The U.N. Population Fund considers this projection optimistic, because the projection assumes that fertility rates in the developing world will decrease by one-third in the next 30 to 40 years. This, in turn, assumes that the number of women using family planning in the developing countries will increase from its present level of 45 percent to 58 percent by 2000 and to 71 percent (the current level in industrialized countries) by 2025; it also assumes that contraceptive effectiveness will be as high as it is today in developed countries. If this decrease in fertility rates does not occur, U.N. estimates show population approaching 10 billion by 2025 and eventually stabilizing at 14 billion (Sadik, 1989).
Current World Bank estimates put the world population at 10 billion by 2025, stabilizing at approximately 11.5 billion early in the twenty-first century (Bulatao et al., 1989a,b,c,d).
As the population increases, the distribution of the world's population also changes. Africa is growing much faster than the rest of the world, at over 3 percent annually, as opposed to only 1.9 percent for Asia. Although Africa trails Asia, Europe, the former USSR, and the Americas in population today, by the year 2000 it will be second in size only to Asia. This growth is occurring in spite of the fact that population growth in Africa is affected disproportionately by the AIDS epidemic. In addition, many family planning programs in Africa have been established later than similar programs in Asia. Today, Asia contains 58.3 percent of the world's population; Europe and the former USSR contain 15.9 percent; the Americas contain 13.8 percent; Africa contains 11.5 percent; and Oceania, 0.5 percent. By 2020, World Bank estimates show Asia at 58.2 percent, Africa at 18.9 percent, the Americas at 12.4 percent, Europe and the former USSR at 10.1 percent, and Oceania at 0.5 percent (Bulatao et al., 1989a,b,c,d).
Current emission patterns show that industrialized countries are emitting much higher quantities of greenhouse gases per capita (and in total) than less developed countries (LDCs). As LDCs become more industrialized, their per capita emissions are expected to increase. Furthermore, according to current population projections, LDCs will account for an ever-increasing share of the world's population. At present, 77 percent of the world's population lives in the LDCs. Bulatao et al. (1989a,b,c,d) project that LDCs will make up 84 percent of the world's population by 2025 and 88 percent by 2100. According to the U.N. Population Fund, if current rates of growth in energy consumption and population continue, LDCs will be emitting four times as much greenhouse gas in 2025 as industrialized countries.
Population Programs as an Emission Control Method
There appears to be a general consensus that the only feasible and ethically acceptable way to reduce population growth is to achieve reduced fertility rates (Lapham and Simmons, 1987).

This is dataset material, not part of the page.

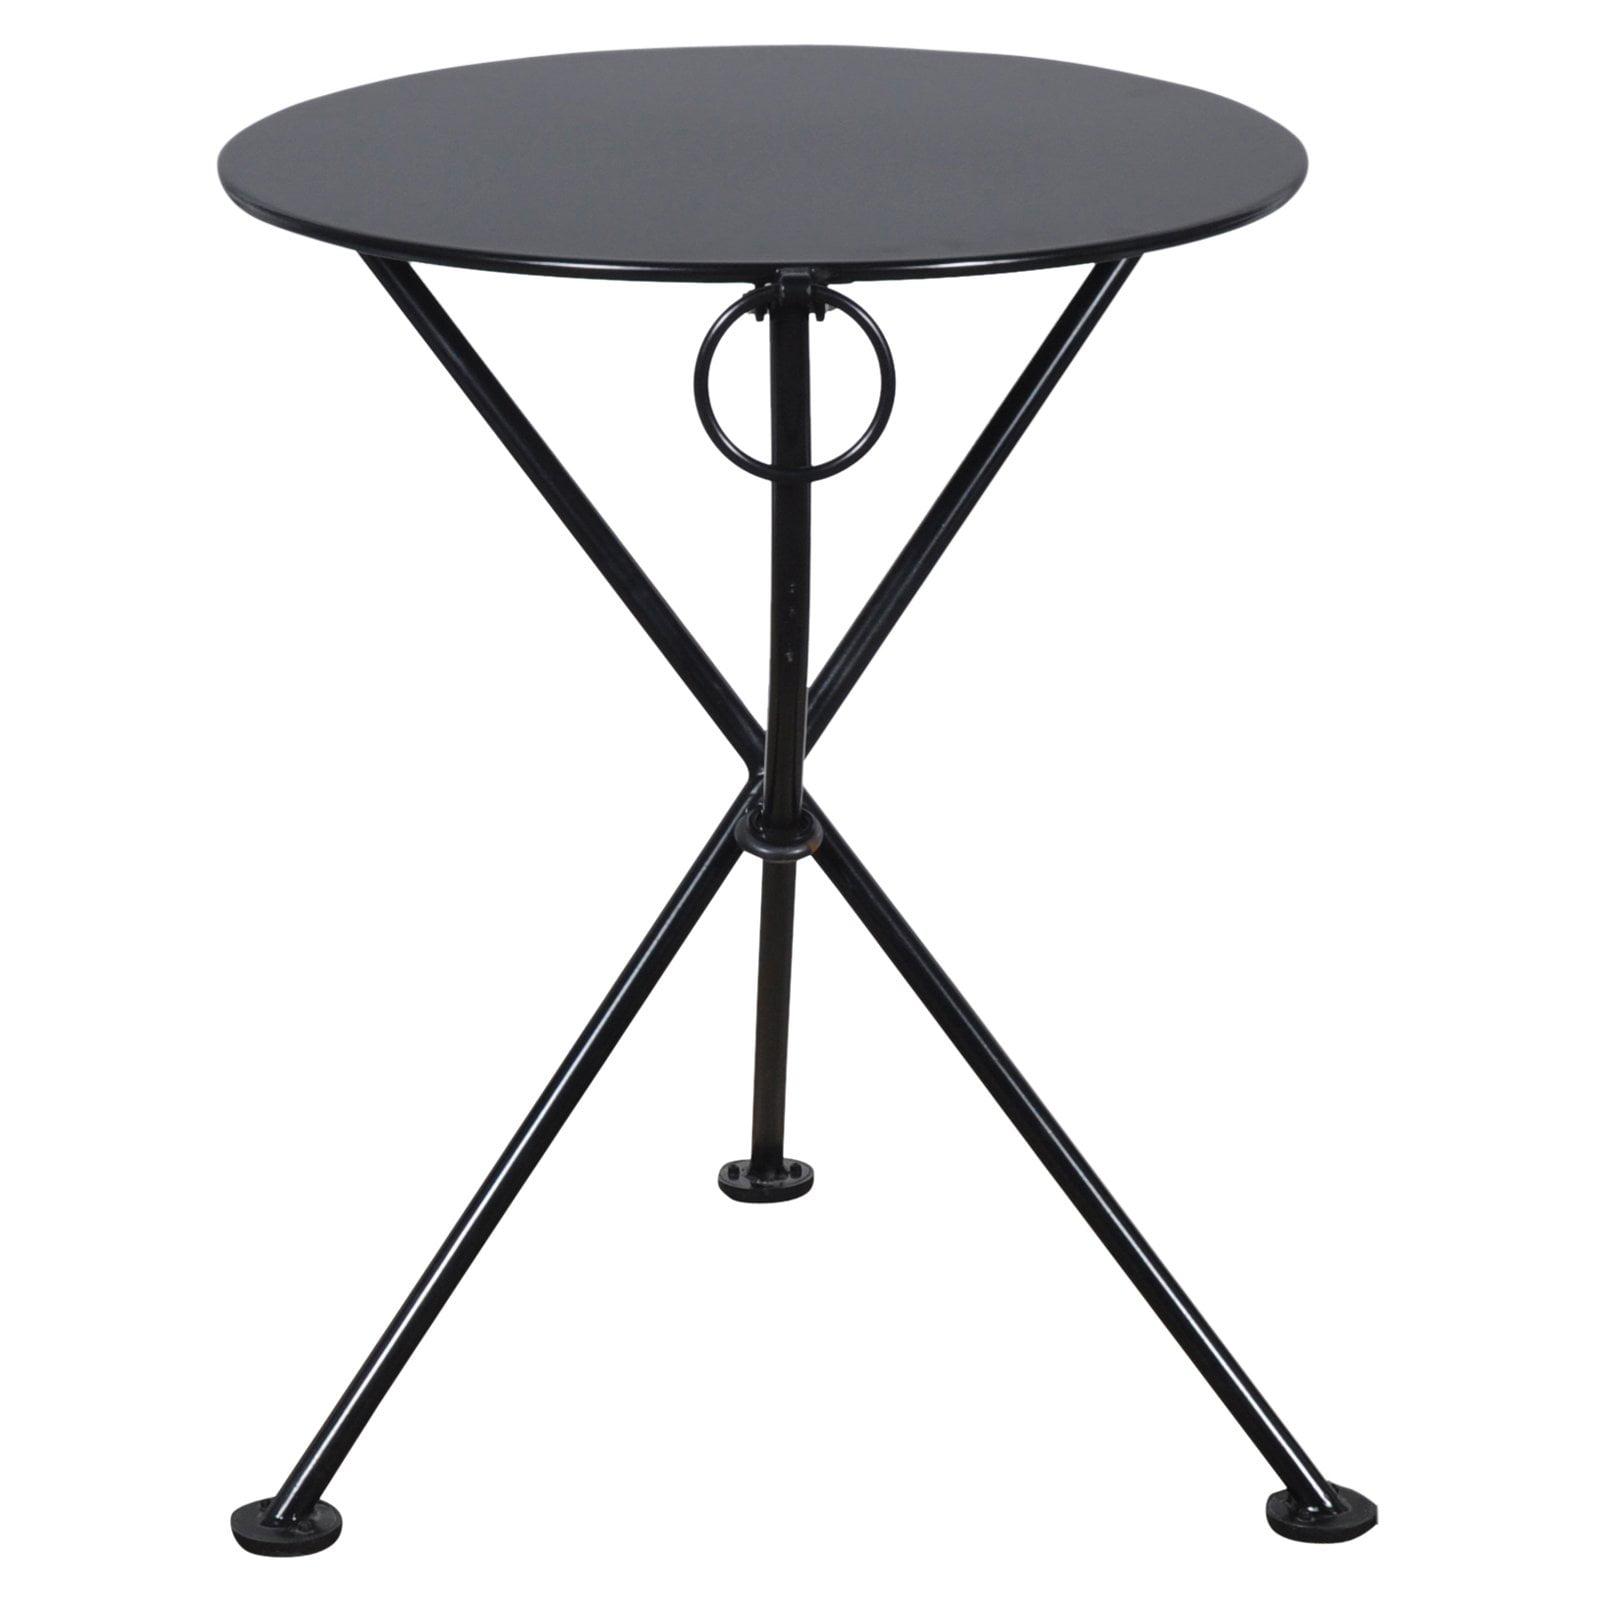 Furniture Designhouse French Veranda European Cafe 24 in. Round Folding Patio Bistro Table

Reducing fertility rates, however, is complex and depends on a number of factors. Fertility rates tend to slow as more education is provided for girls and as the status of women in the society improves. As noted by Repetto (1985),
New aspirations and alternatives for women are especially important. There is overwhelming evidence that increased education, increased participation in the economy outside the home, increased control over finances, and increased status within the home are all associated with lower fertility, because they either delay marriage or lower marital fertility or both. No other change exerts a more powerful and predictable influence over the pace of fertility decline.
Provision of health services may also be key to slowing population growth. Urbanization and industrialization have also been linked to decreased fertility rates (Johnson and Lee, 1987; National Research Council, 1987; Gillespie et al., 1989).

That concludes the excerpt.